_Task directions_: All lines below starting at the one that holds "logo name Nadia, usable" and ending at the one that holds "Hagi Smart A" should be printed exactly, ends included. Pictures should not be printed, nor anything else.

====== Available records ======

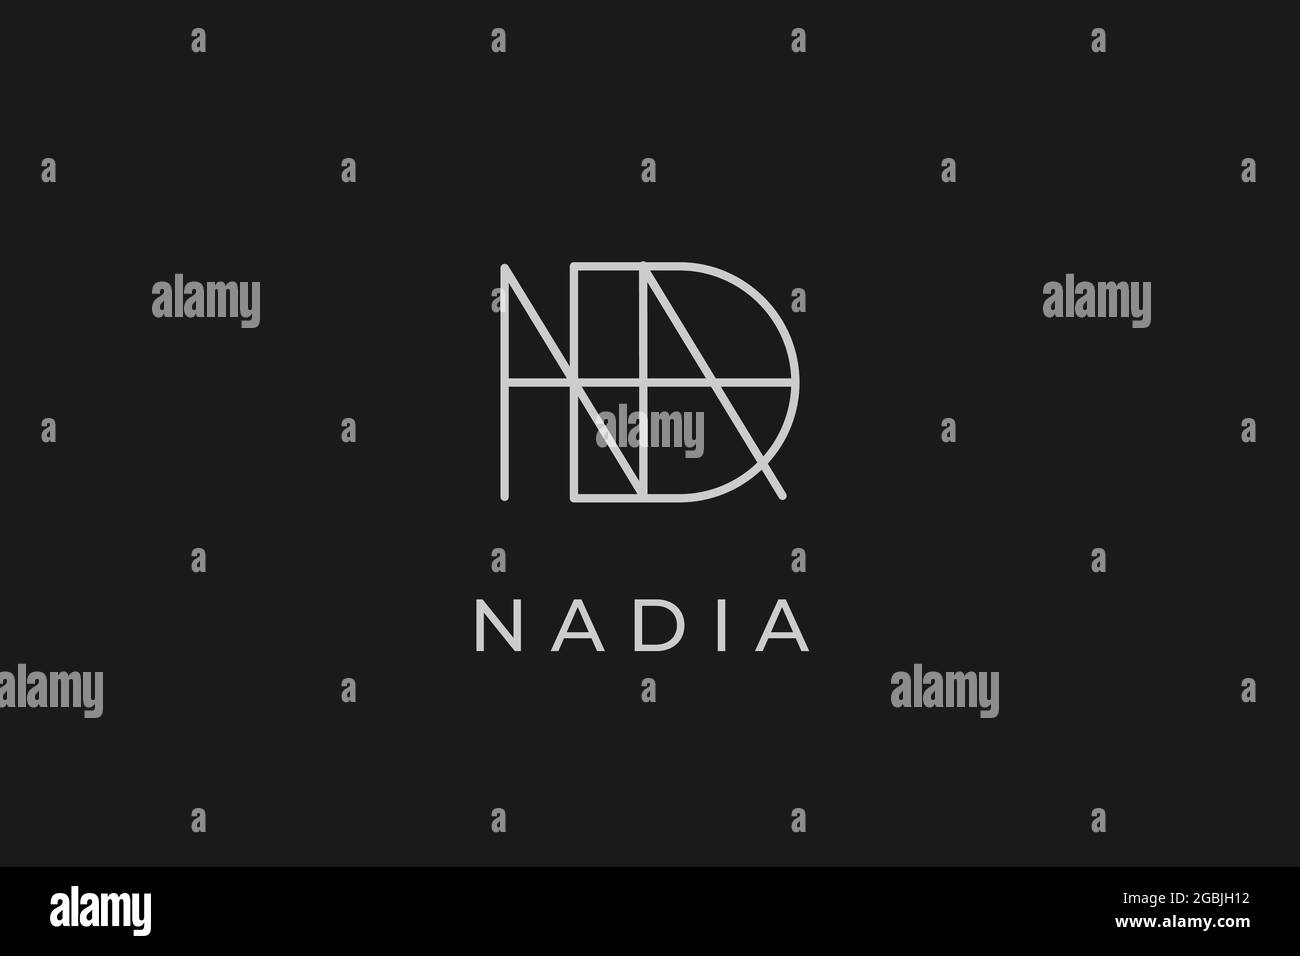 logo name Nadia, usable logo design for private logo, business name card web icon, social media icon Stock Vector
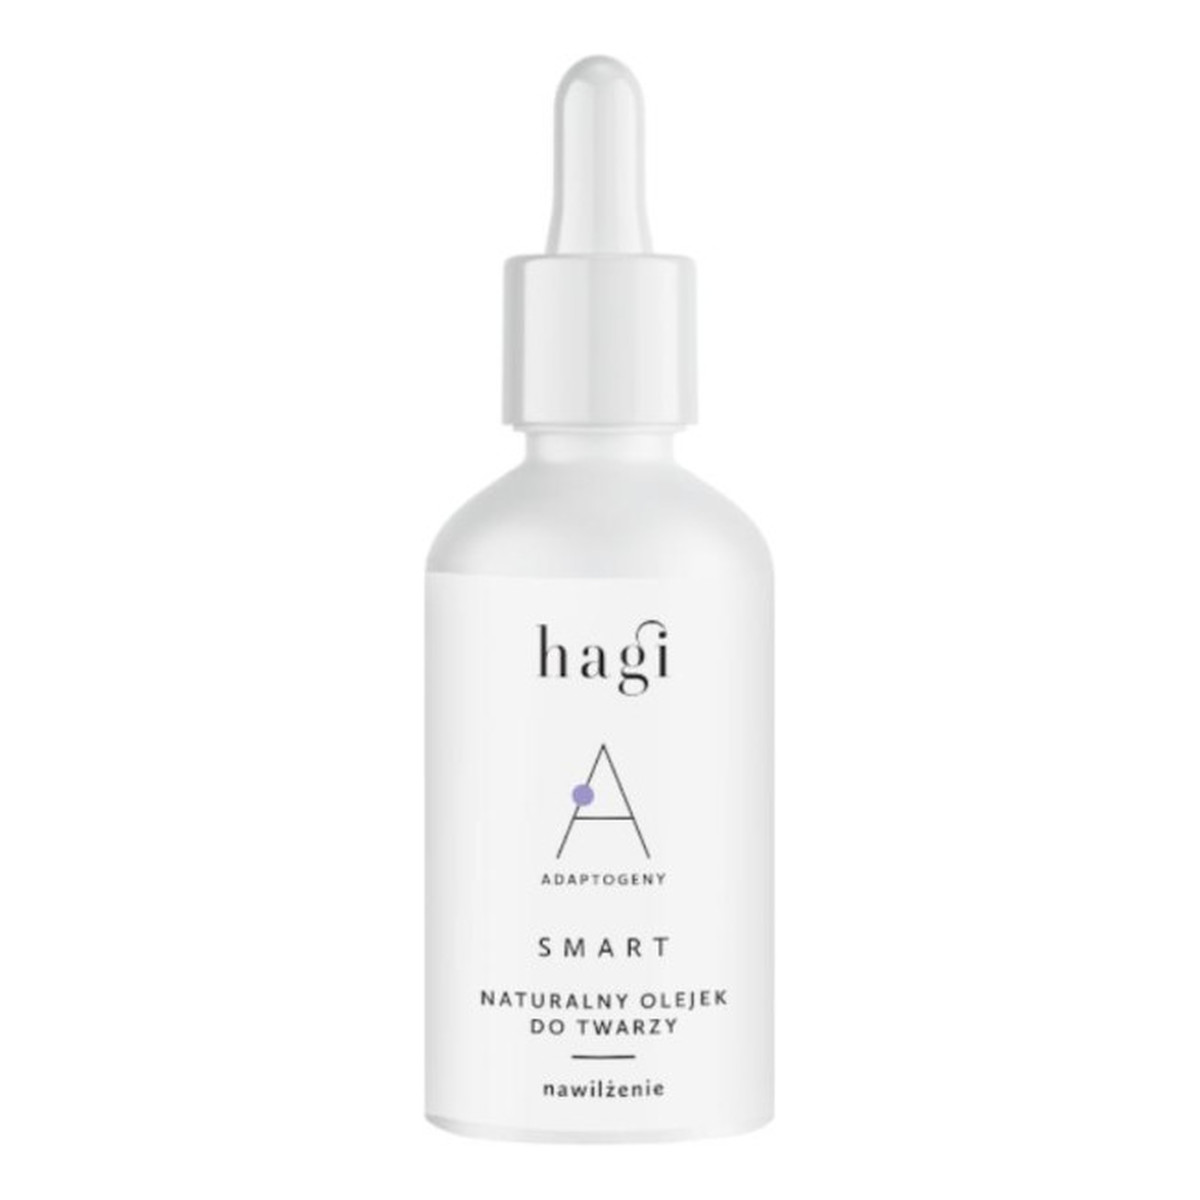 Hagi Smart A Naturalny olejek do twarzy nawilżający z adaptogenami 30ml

======
====== Available records ======

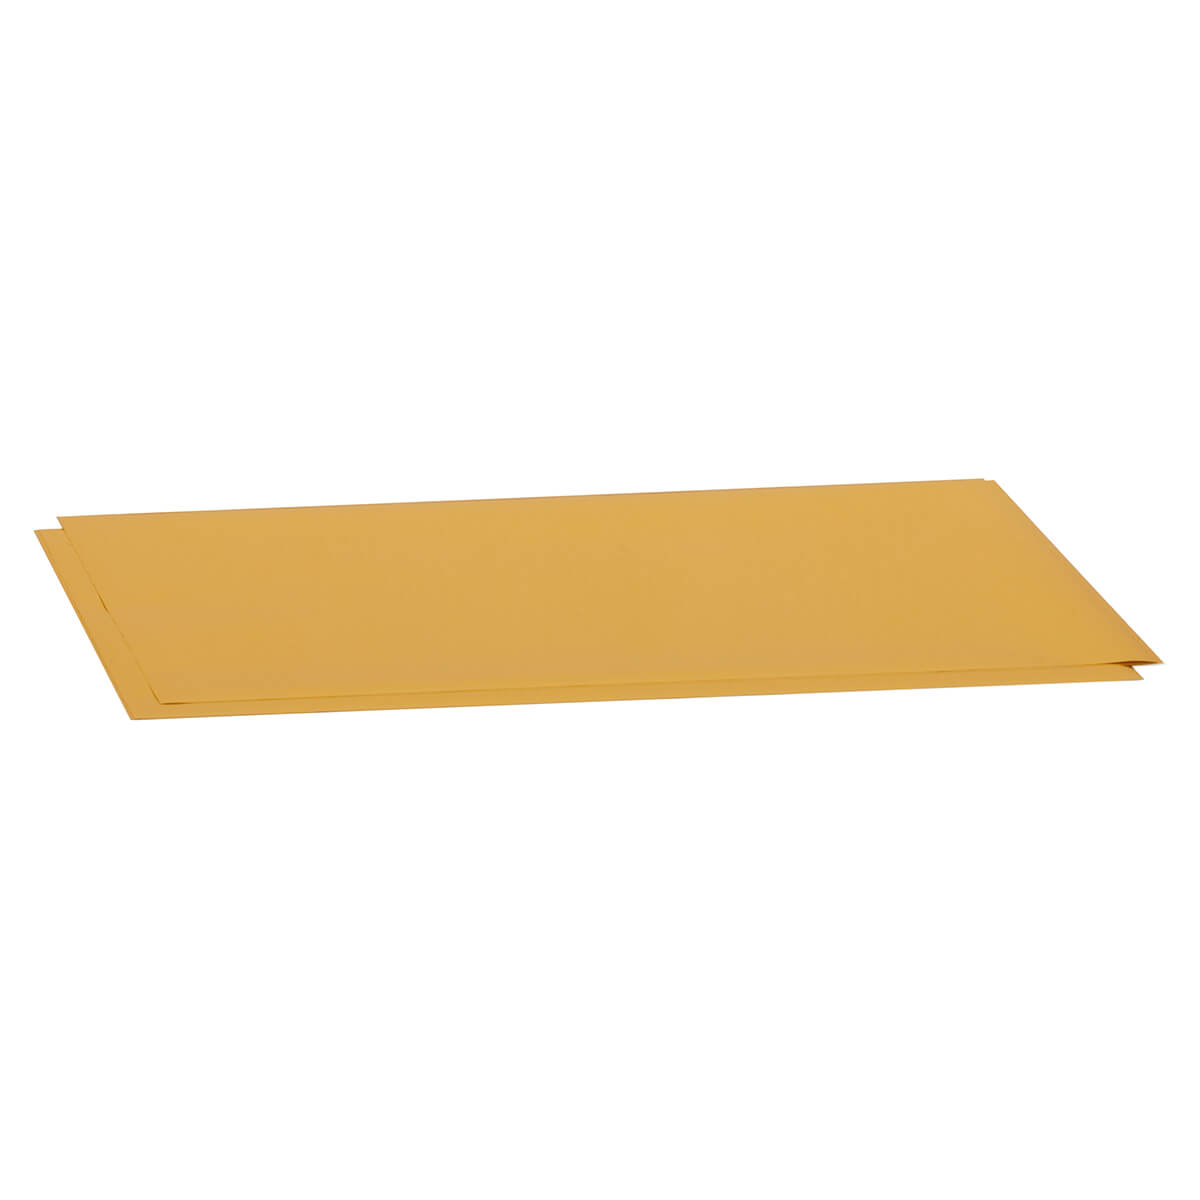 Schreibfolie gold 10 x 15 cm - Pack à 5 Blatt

======
====== Available records ======

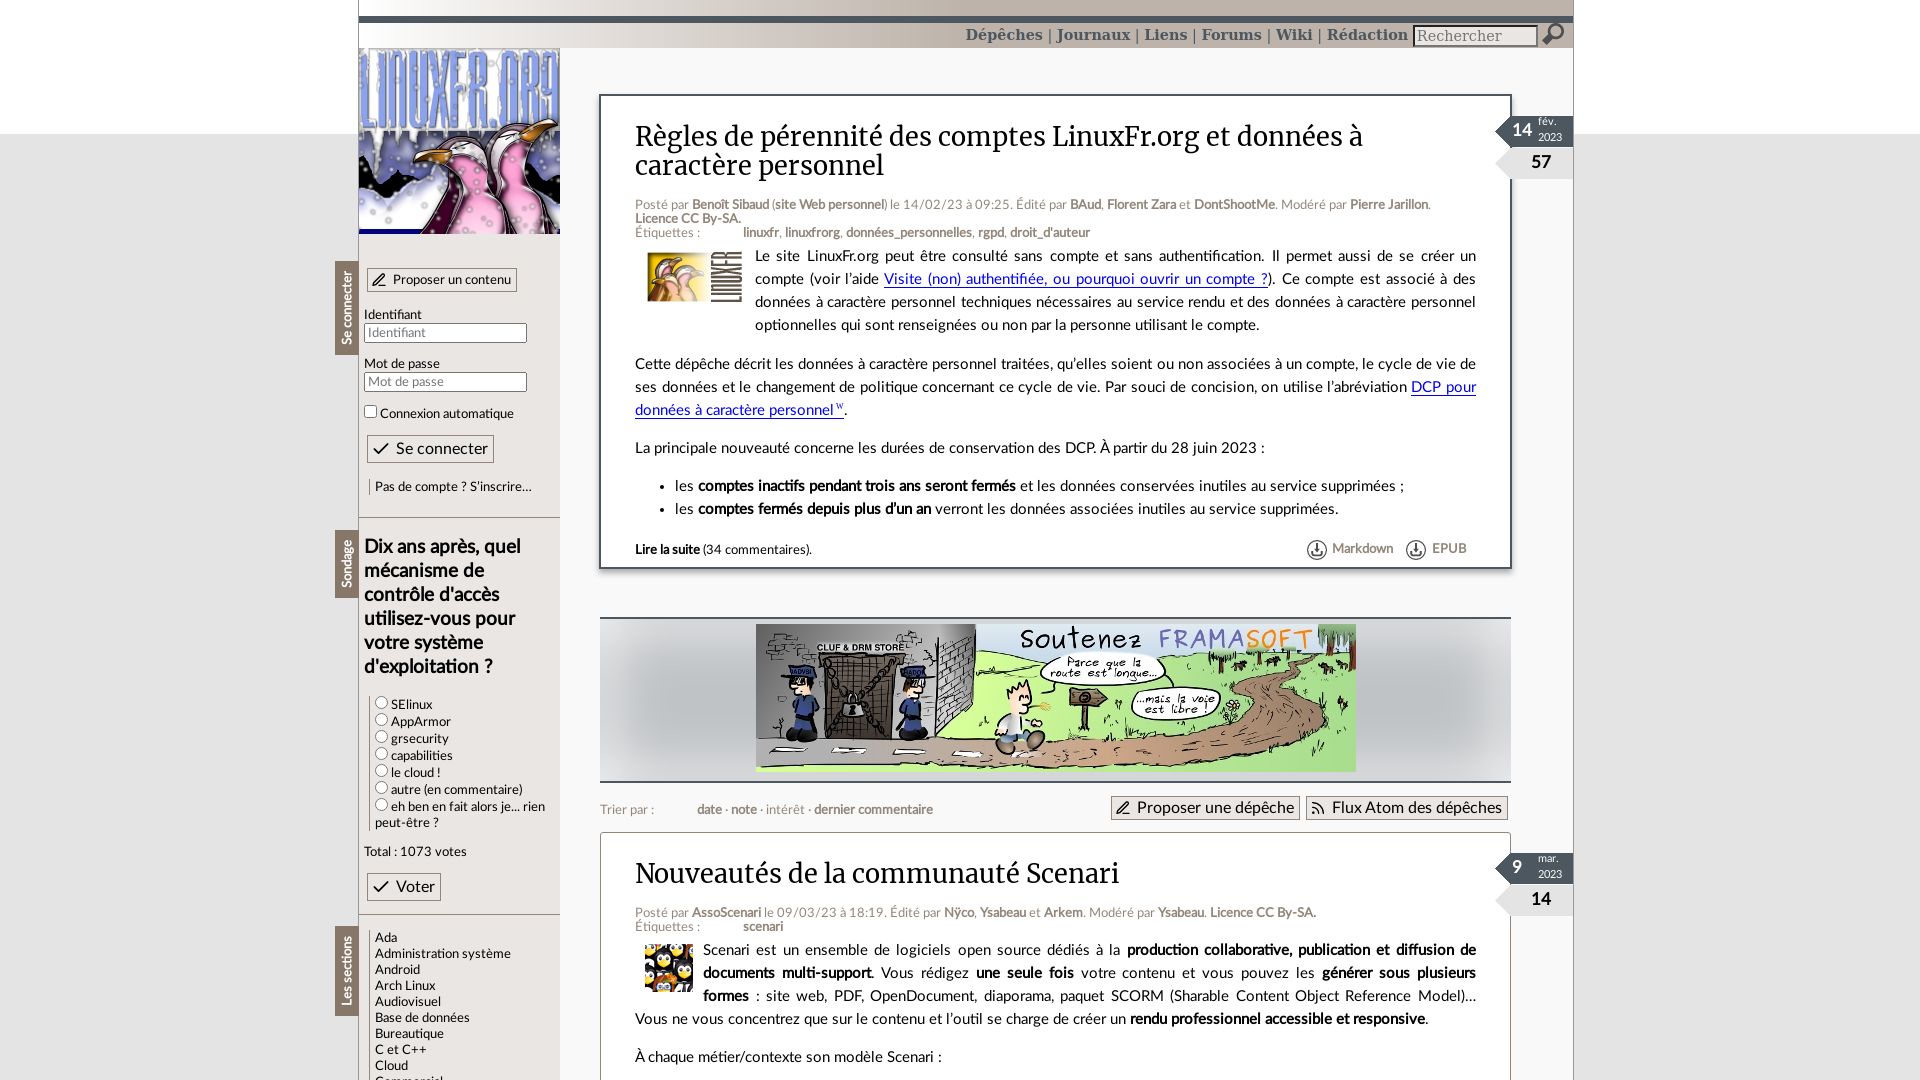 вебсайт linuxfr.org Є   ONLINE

======

_Response to this exercise_:
 logo name Nadia, usable logo design for private logo, business name card web icon, social media icon Stock Vector
 Hagi Smart A Naturalny olejek do twarzy nawilżający z adaptogenami 30ml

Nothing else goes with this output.